"I do agree that taking it out completely would make the hole more traditional St Andrews – bail out left, tough shot up the right."
John Huggan talks to the R&A's Peter Dawson about the art of making the Road hole relevant again.
What's really nice is that he admits in his own inimitable way that choking the strategy out of the hole with rough is (A) antithetical to what St. Andrews is about, and (B) was a response to the hole having become too short in today's game.
"Here at St Andrews we have a lot of knowledge about how professional golfers play the Old Course," explains Dawson. "The Open is here every five years and the Dunhill Links Championship visits on an annual basis. Over time, we have seen the leading players get to where they want to be off the 17th tee using less than a driver. Then they are hitting their second shots with a much more lofted club than, say, Tom Watson did in 1984, when he found the road with a 2-iron in the last round of the Open.
And then they found the gymnasium...
"The bottom line is that very few people are going through the green on to the road. So what we are trying to do is get players hitting driver and/or much longer second shots.
So I guess he's not banking on that big backdoor rollback the groove rule change is supposed to produce?
If we do either or both, the road will be much more in play than it has been in the recent past."
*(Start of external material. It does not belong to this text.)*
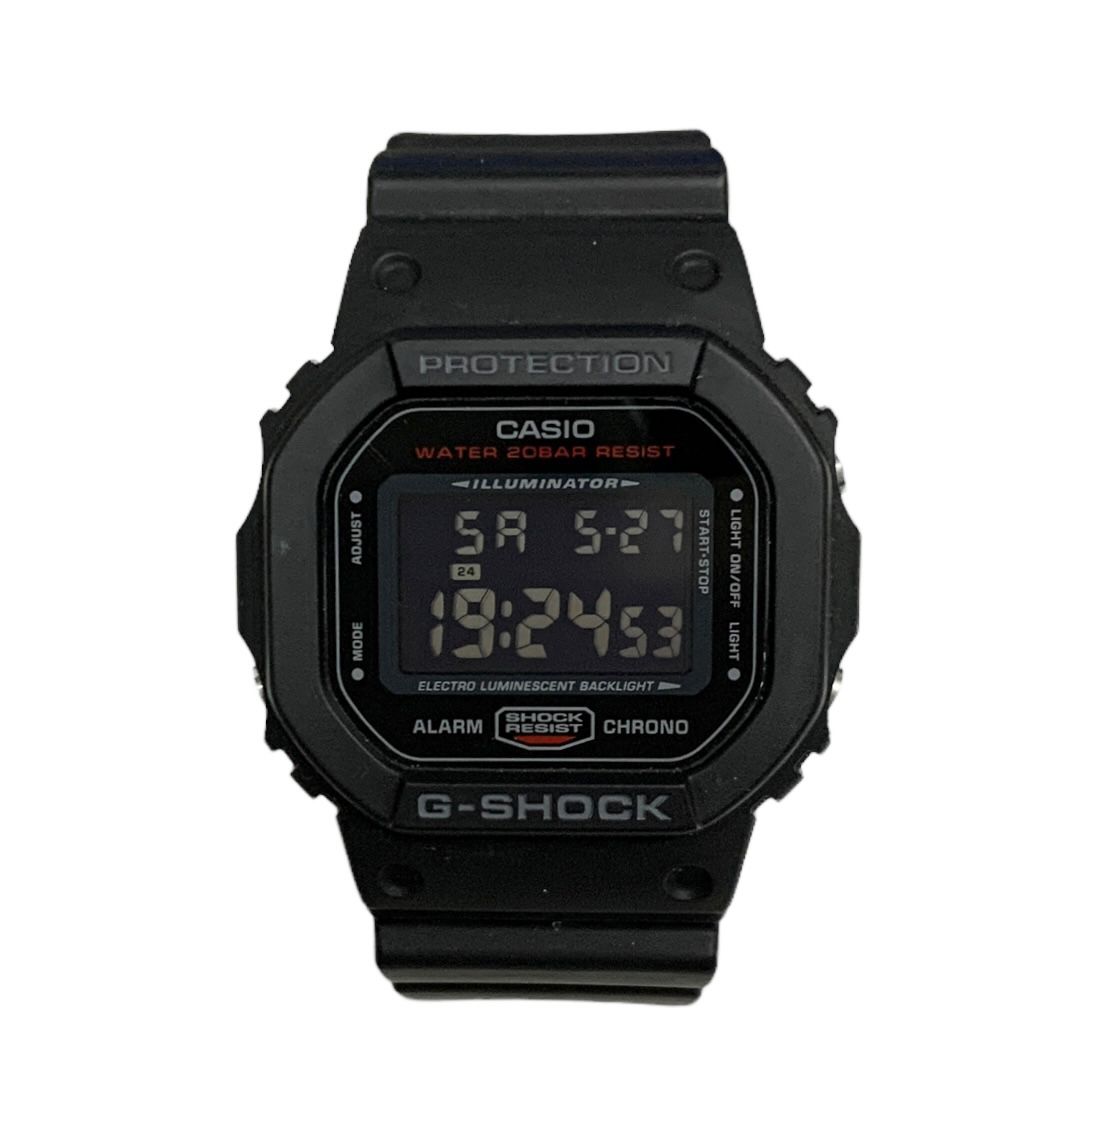 CASIO (カシオ) G-SHOCK Gショック デジタル腕時計 DW-5600HR ブラック レッド メンズ/025

And here's where he admits they are rigging fairway contours and have been. Not that anyone could look at photos and think it was the work of Mother Nature. It's just nice to have the confirmation...
"We haven't messed with the angle of the tee-shot. We are easing the fairway back on the left, a little bit. It had crept to the right because of the less-challenging tee-shot."
And why did the tee shot become less challenging? And who did the creeping in?
Huggan than suggests that opening up the left side of the hole might tempt players to bail out more. Given a decent lie, they're likely to take unwise cracks at the green instead of laying up out of rough as they do now.
"I know of only one person who remembers a time when there was no rough on the left," counters Dawson. "And he is very old. But these days the length of the rough varies year to year; we don't do anything to it.
They don't do anything to the rough? Wait, didn't he just say they let it creep in because they decided to not curb distance gains? And this on opening up the left:
I do agree that taking it out completely would make the hole more traditional St Andrews – bail out left, tough shot up the right. And it is the most challenging drive on the course.
"We did talk about eliminating the rough, but it won't happen this year.
And why not?
We couldn't get the fairway into the right condition in time. You have to talk about these things at least three years in advance. Besides, post-war at least, the norm has been for rough to be in play up the left side."
I think that's a challenge for some of us to get out the old photos, no?